The transformations are standard Python objects, typically initialized by means of a training corpus:

>>> tfidf = models.TfidfModel(corpus) # step 1 -- initialize a model

We used our old corpus to initialize (train) the transformation model. Different transformations may require different initialization parameters; in case of TfIdf, the “training” consists simply of going through the supplied corpus once and computing document frequencies of all its features. Training other models, such as Latent Semantic Analysis or Latent Dirichlet Allocation, is much more involved and, consequently, takes much more time.

Note

Transformations always convert between two specific vector spaces. The same vector space (= the same set of feature ids) must be used for training as well as for subsequent vector transformations. Failure to use the same input feature space, such as applying a different string preprocessing, using different feature ids, or using bag-of-words input vectors where TfIdf vectors are expected, will result in feature mismatch during transformation calls and consequently in either garbage output and/or runtime exceptions.

Transforming vectors

From now on, tfidf is treated as a read-only object that can be used to convert any vector from the old representation (bag-of-words integer counts) to the new representation (TfIdf real-valued weights):

>>> doc_bow = [(0, 1), (1, 1)]
>>> print tfidf[doc_bow] # step 2 -- use the model to transform vectors
[(0, 0.70710678), (1, 0.70710678)]

Or to apply a transformation to a whole corpus:

>>> corpus_tfidf = tfidf[corpus]
>>> for doc in corpus_tfidf:
>>>     print doc

In this particular case, we are transforming the same corpus that we used for training, but this is only incidental. Once the transformation model has been initialized, it can be used on any vectors (provided they come from the correct vector space, of course), even if they were not used in the training corpus at all. This is achieved by a process called folding-in for LSA, by topic inference for LDA etc.

Note

Calling model[corpus] only creates a wrapper around the old corpus document stream – actual conversions are done on-the-fly, during document iteration. This is because conversion at the time of calling corpus2 = model[corpus] would mean storing the result in main memory, which contradicts gensim’s objective of memory-indepedence. If you will be iterating over the transformed corpus2 multiple times, and the transformation is costly, serialize the resulting corpus to disk first and continue using that.
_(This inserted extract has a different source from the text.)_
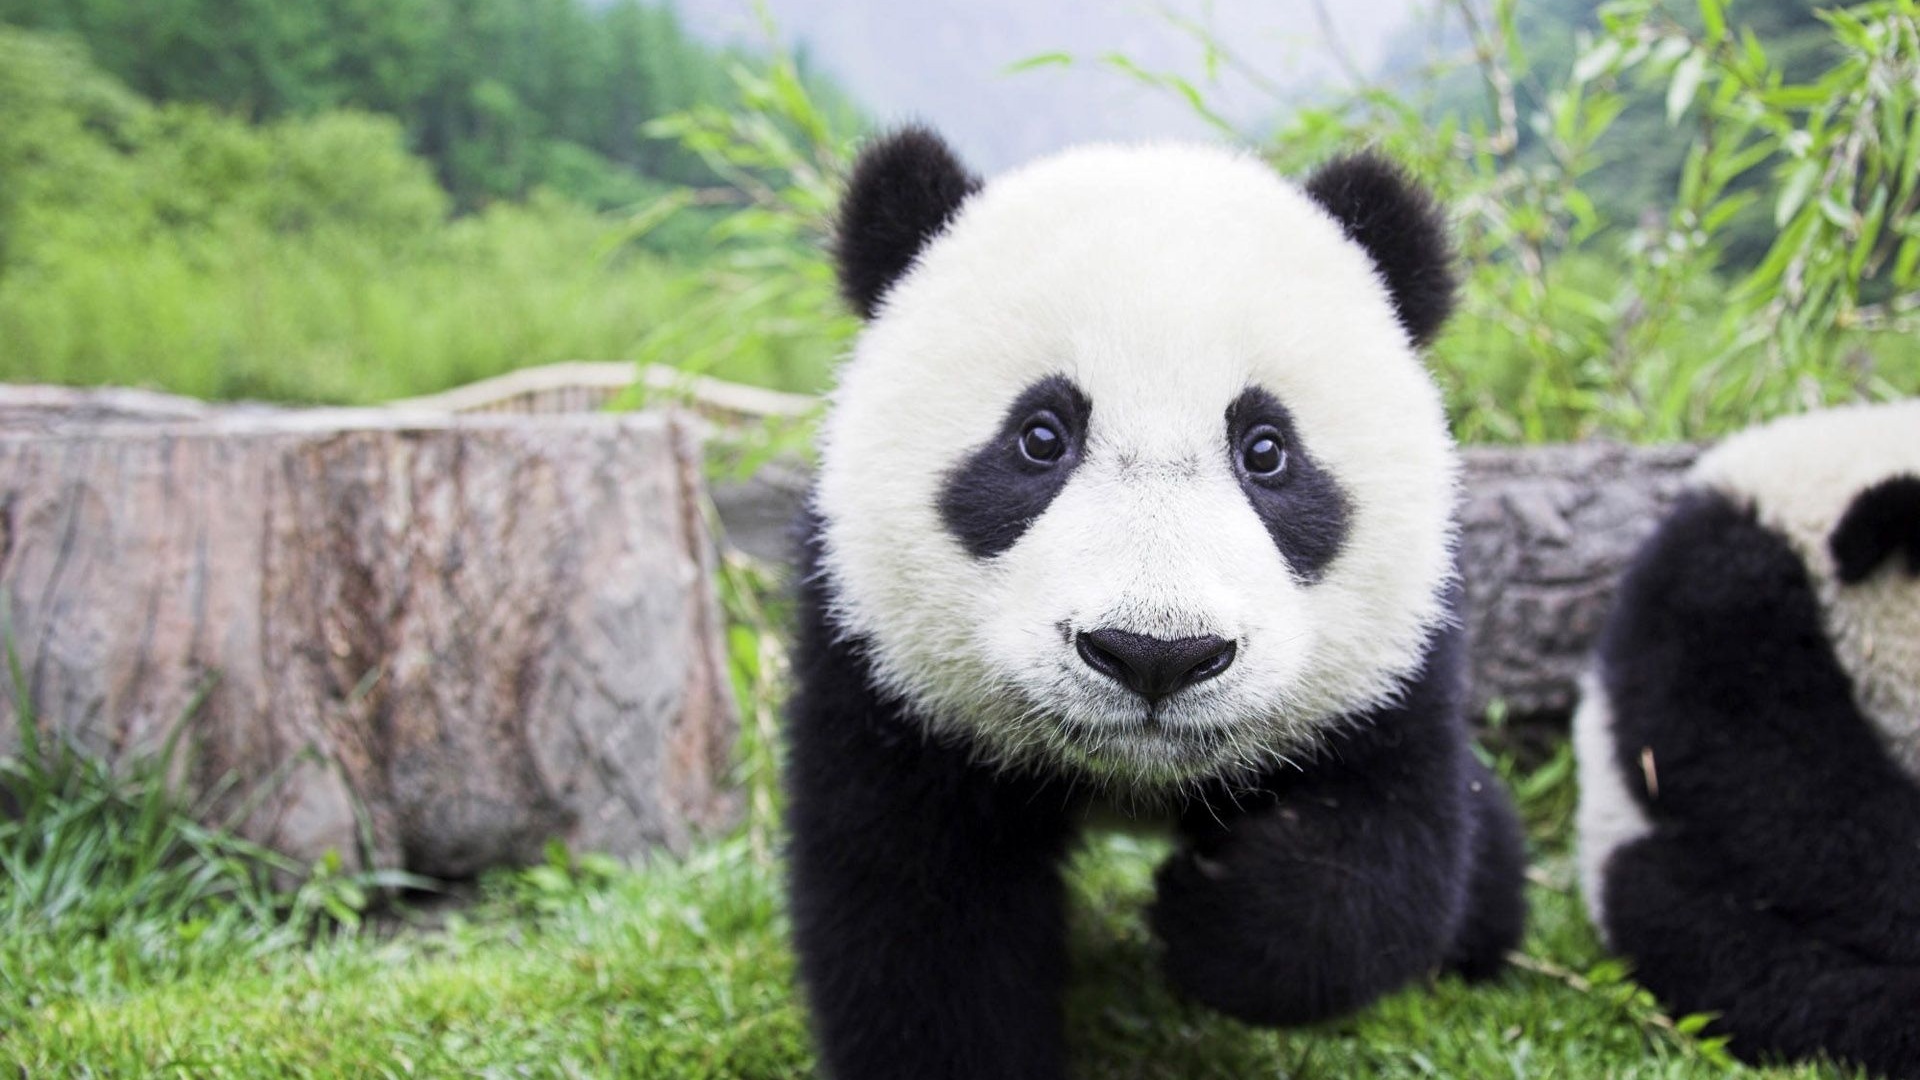 Beautiful Baby Panda

Transformations can also be serialized, one on top of another, in a sort of chain:

>>> lsi = models.LsiModel(corpus_tfidf, id2word = dictionary.id2token, numTopics = 2) # initialize an LSI transformation
>>> corpus_lsi = lsi[corpus_tfidf] # create a double wrapper over the original corpus: bow->tfidf->fold-in-lsi

Here we transformed our Tf-Idf corpus via Latent Semantic Indexing into a latent 2-D space (2-D because we set numTopics=2). Now you’re probably wondering: what do these two latent dimensions stand for? Let’s inspect with models.LsiModel.printTopics():

>>> for topicNo in range(lsi.numTopics):
>>>     print 'topic %i: %s' % (topicNo, lsi.printTopic(topicNo))
topic 0: -0.703 * "trees" + -0.538 * "graph" + -0.402 * "minors" + -0.187 * "survey" + -0.061 * "system" + -0.060 * "time" + -0.060 * "response" + -0.058 * "user" + -0.049 * "computer" + -0.035 * "interface" + -0.035 * "eps" + -0.030 * "human"
topic 1: 0.460 * "system" + 0.373 * "user" + 0.332 * "eps" + 0.328 * "interface" + 0.320 * "time" + 0.320 * "response" + 0.293 * "computer" + 0.280 * "human" + 0.171 * "survey" + -0.161 * "trees" + -0.076 * "graph" + -0.029 * "minors"

It appears that according to LSI, “trees”, “graphs” and “minors” are all related words (and contribute the most to the direction of the first topic), while the second topic practically concerns itself with all the other words. As expected, the first five documents are more strongly related to the second topic while the remaining four documents to the first topic:

>>> for doc in corpus_lsi: # both bow->tfidf and tfidf->lsi transformations are actually executed here, on the fly
>>>     print doc
[(0, -0.066), (1, 0.520)] # "Human machine interface for lab abc computer applications"
[(0, -0.197), (1, 0.761)] # "A survey of user opinion of computer system response time"
[(0, -0.090), (1, 0.724)] # "The EPS user interface management system"
[(0, -0.076), (1, 0.632)] # "System and human system engineering testing of EPS"
[(0, -0.102), (1, 0.574)] # "Relation of user perceived response time to error measurement"
[(0, -0.703), (1, -0.161)] # "The generation of random binary unordered trees"
[(0, -0.877), (1, -0.168)] # "The intersection graph of paths in trees"
[(0, -0.910), (1, -0.141)] # "Graph minors IV Widths of trees and well quasi ordering"
[(0, -0.617), (1, 0.054)] # "Graph minors A survey"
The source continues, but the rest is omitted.